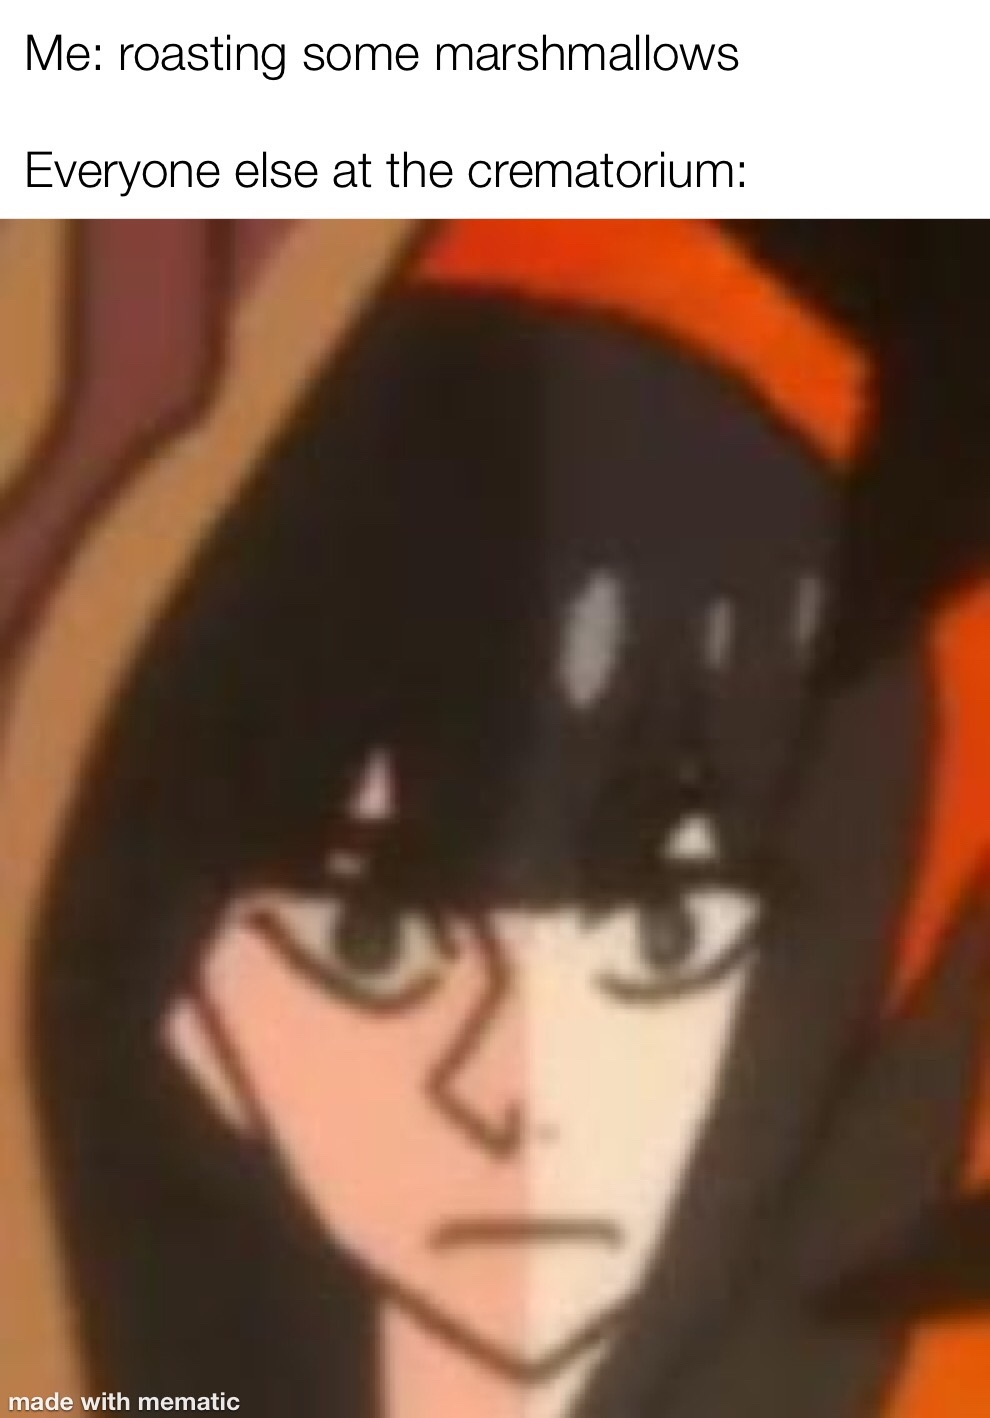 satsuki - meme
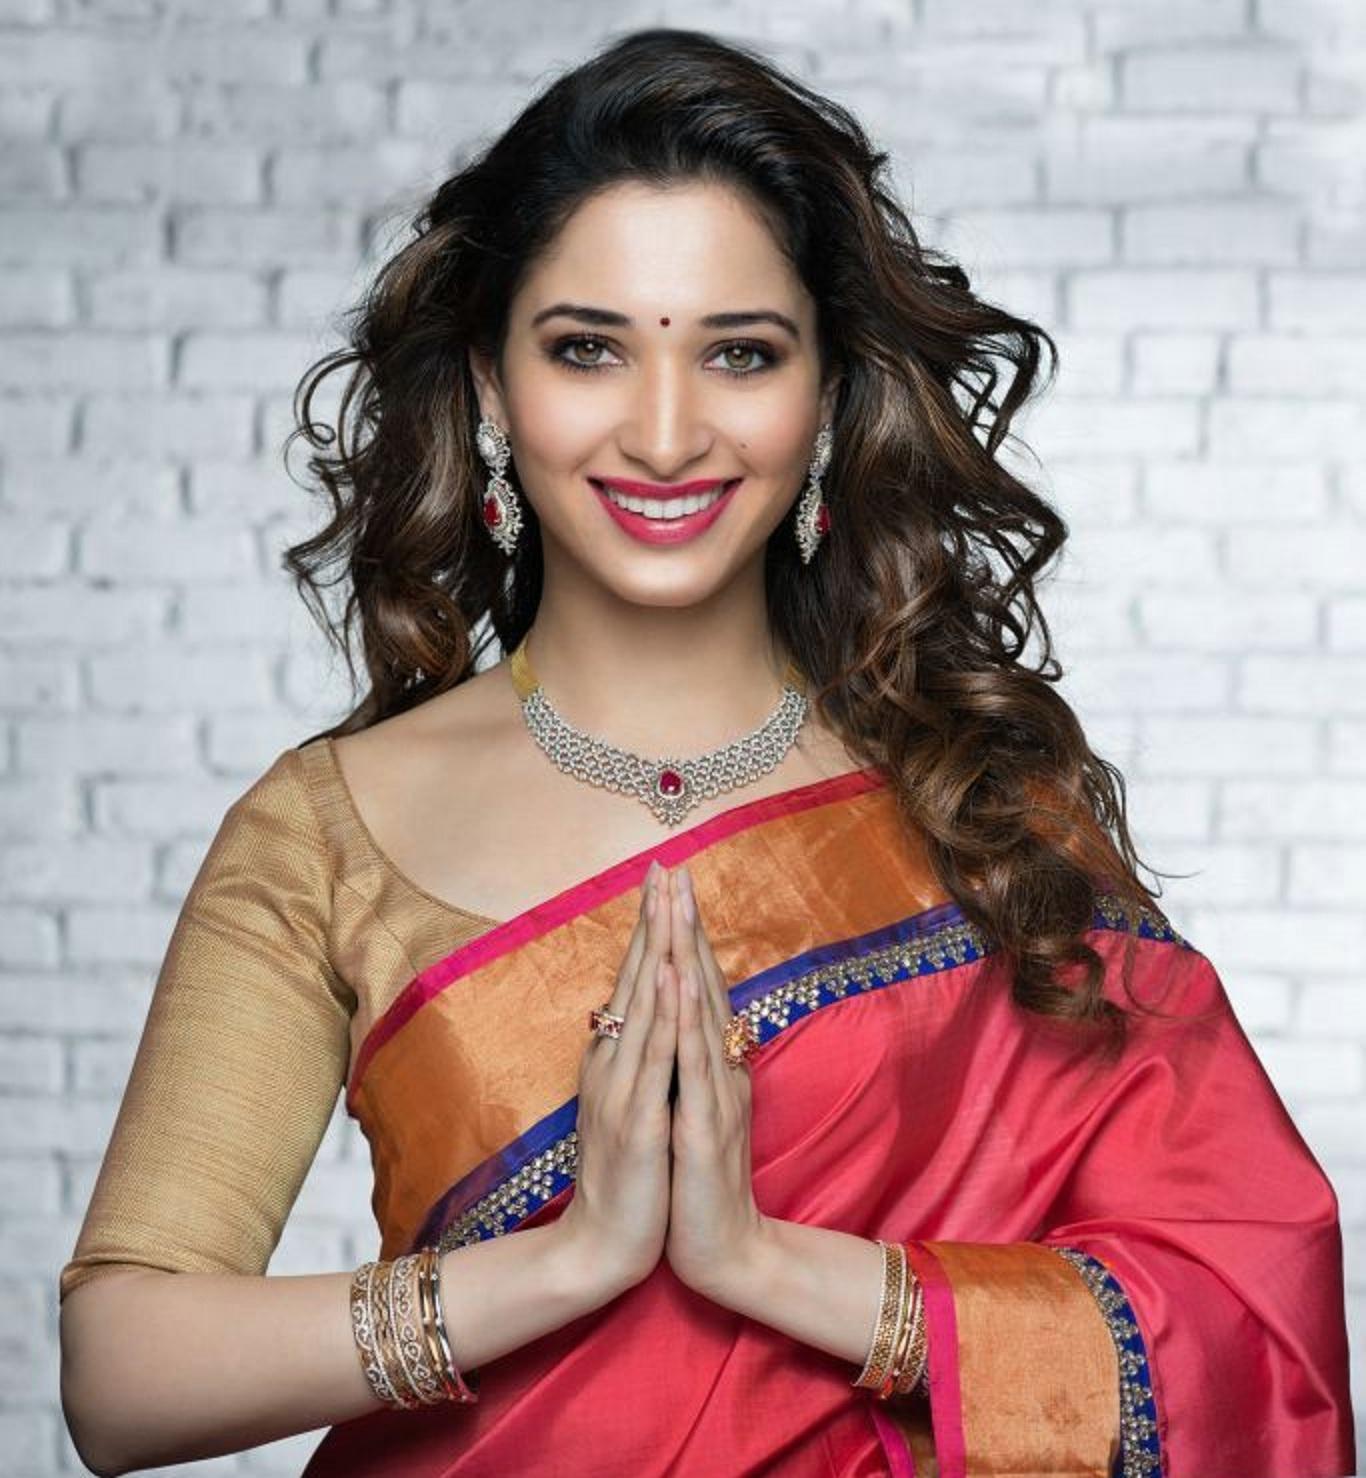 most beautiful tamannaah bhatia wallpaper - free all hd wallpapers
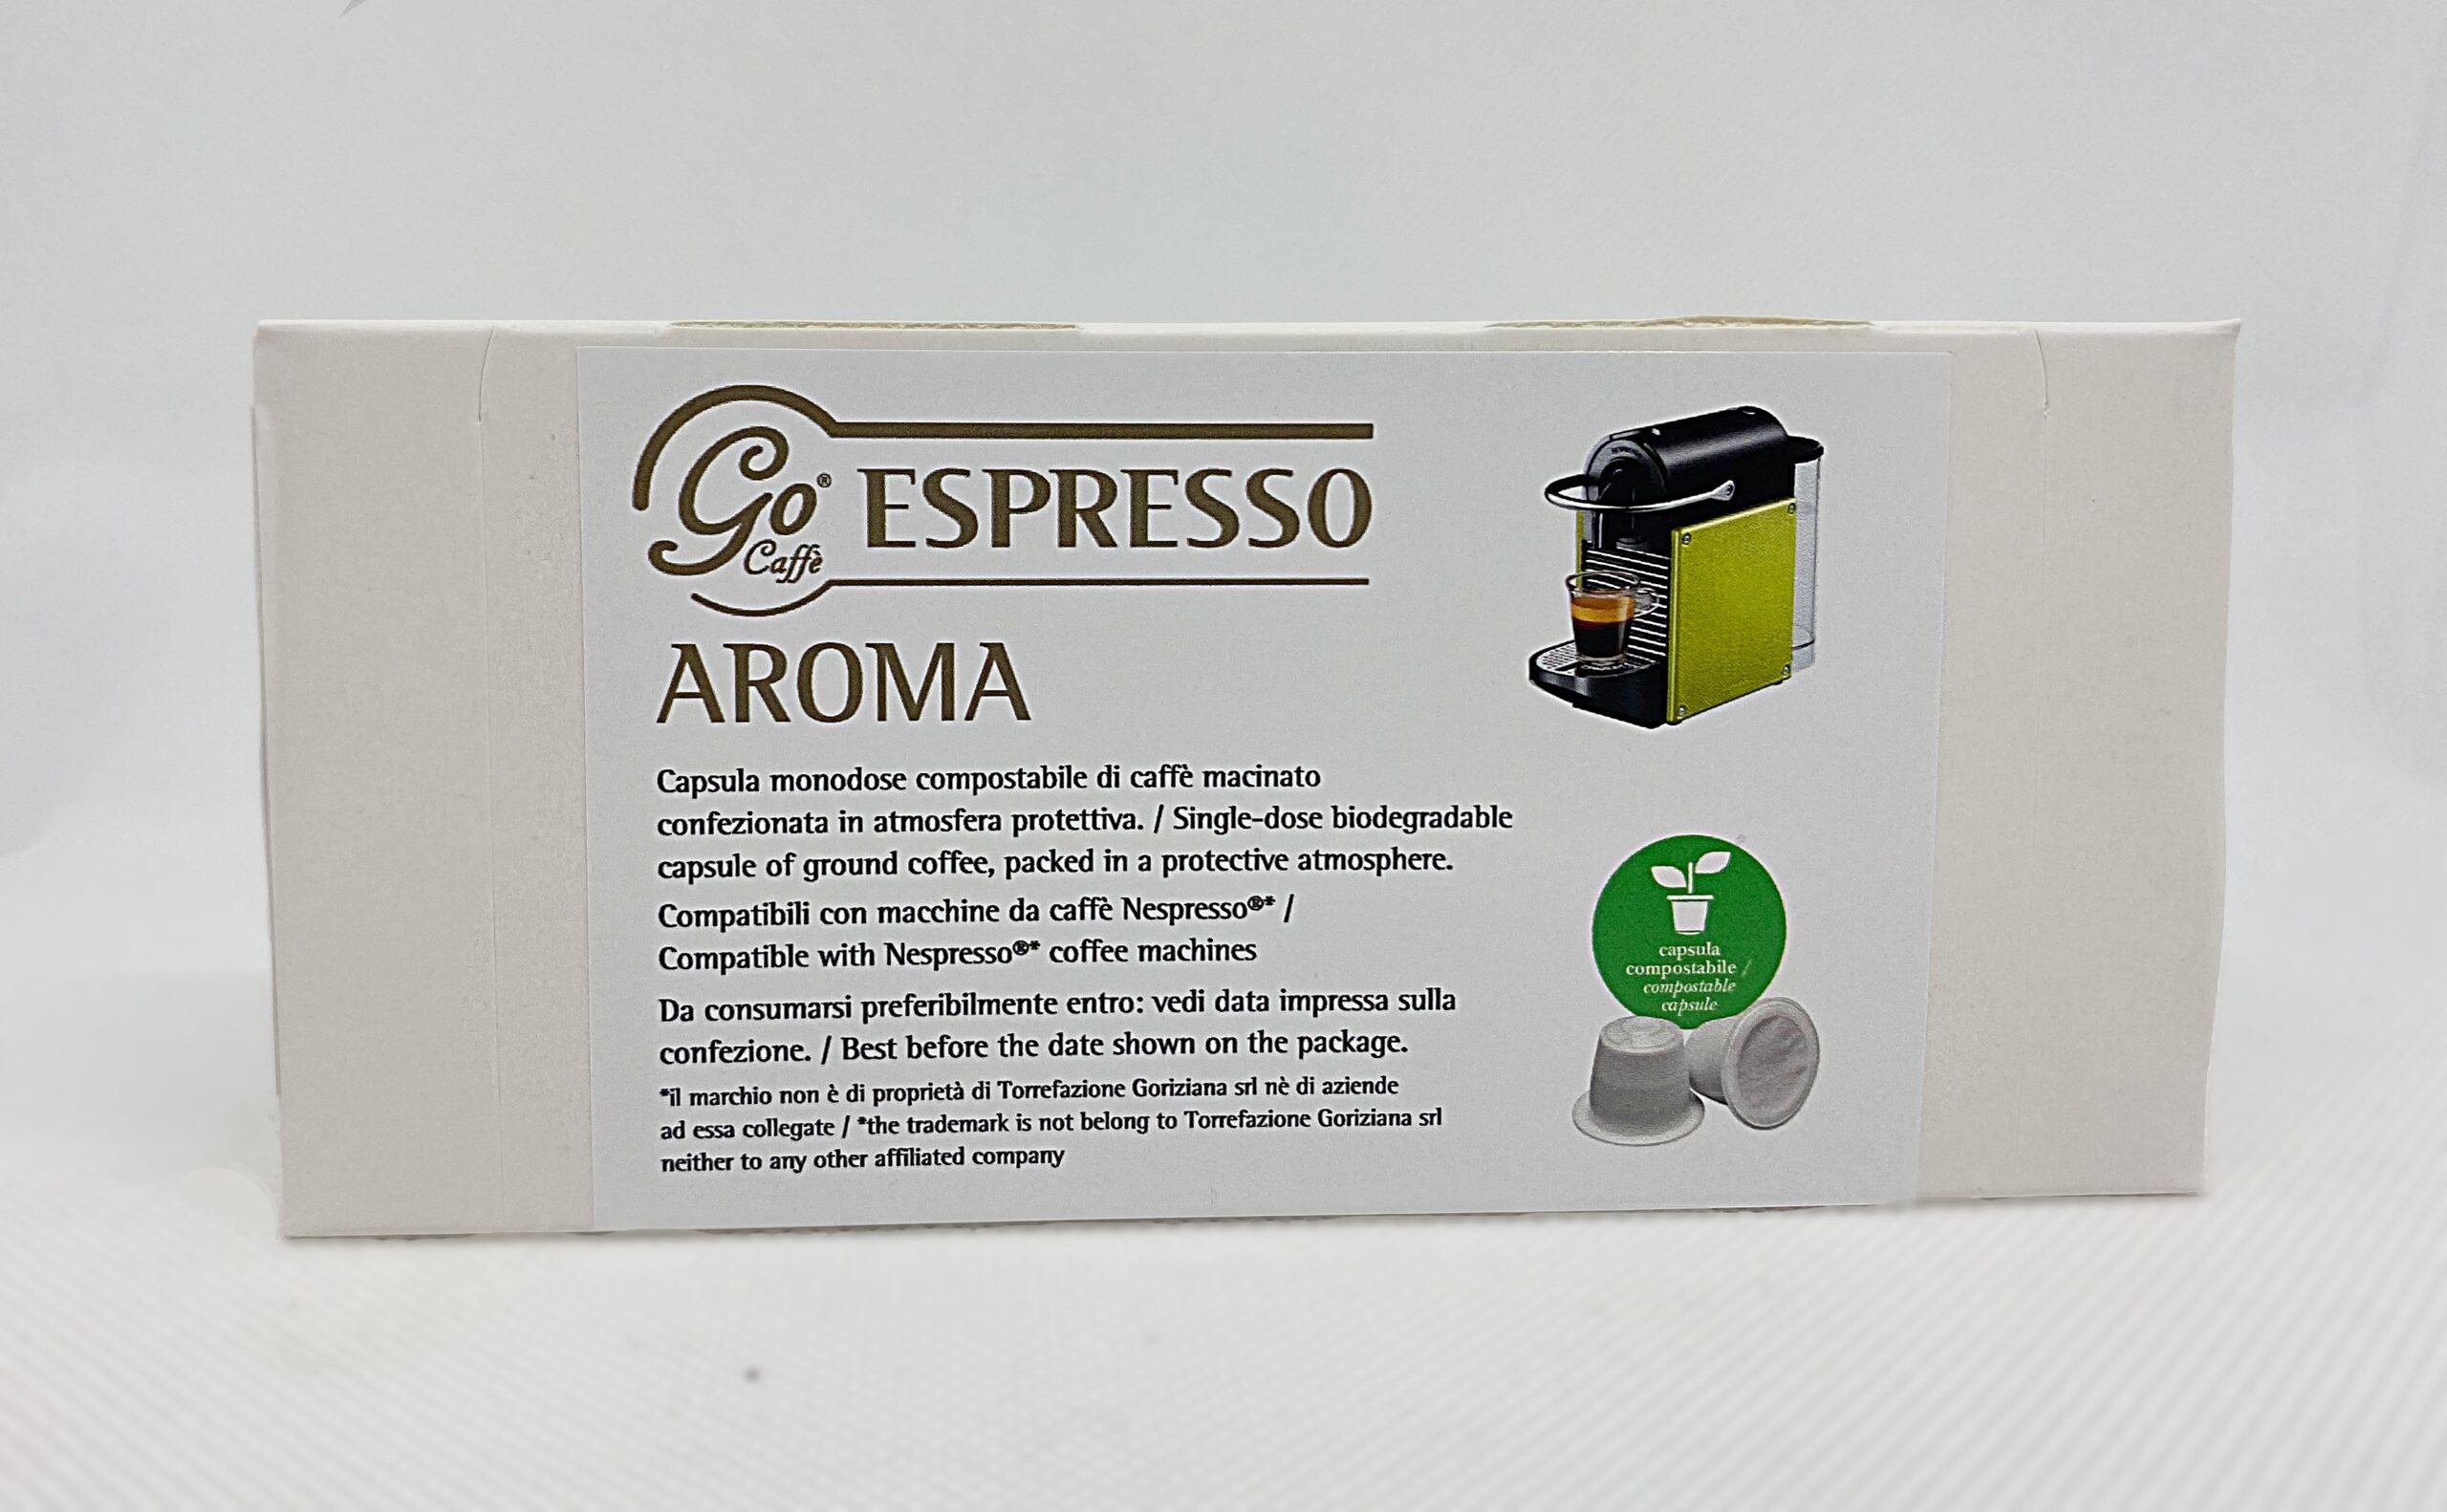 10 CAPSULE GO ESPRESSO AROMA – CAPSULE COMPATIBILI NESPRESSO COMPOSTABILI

------------

**WHAT TO PRODUCE:**
When you repeat the data, keep every line exact and drop the images.

**ANSWER FOR THE TASK:**
 satsuki - meme
 most beautiful tamannaah bhatia wallpaper - free all hd wallpapers
 10 CAPSULE GO ESPRESSO AROMA – CAPSULE COMPATIBILI NESPRESSO COMPOSTABILI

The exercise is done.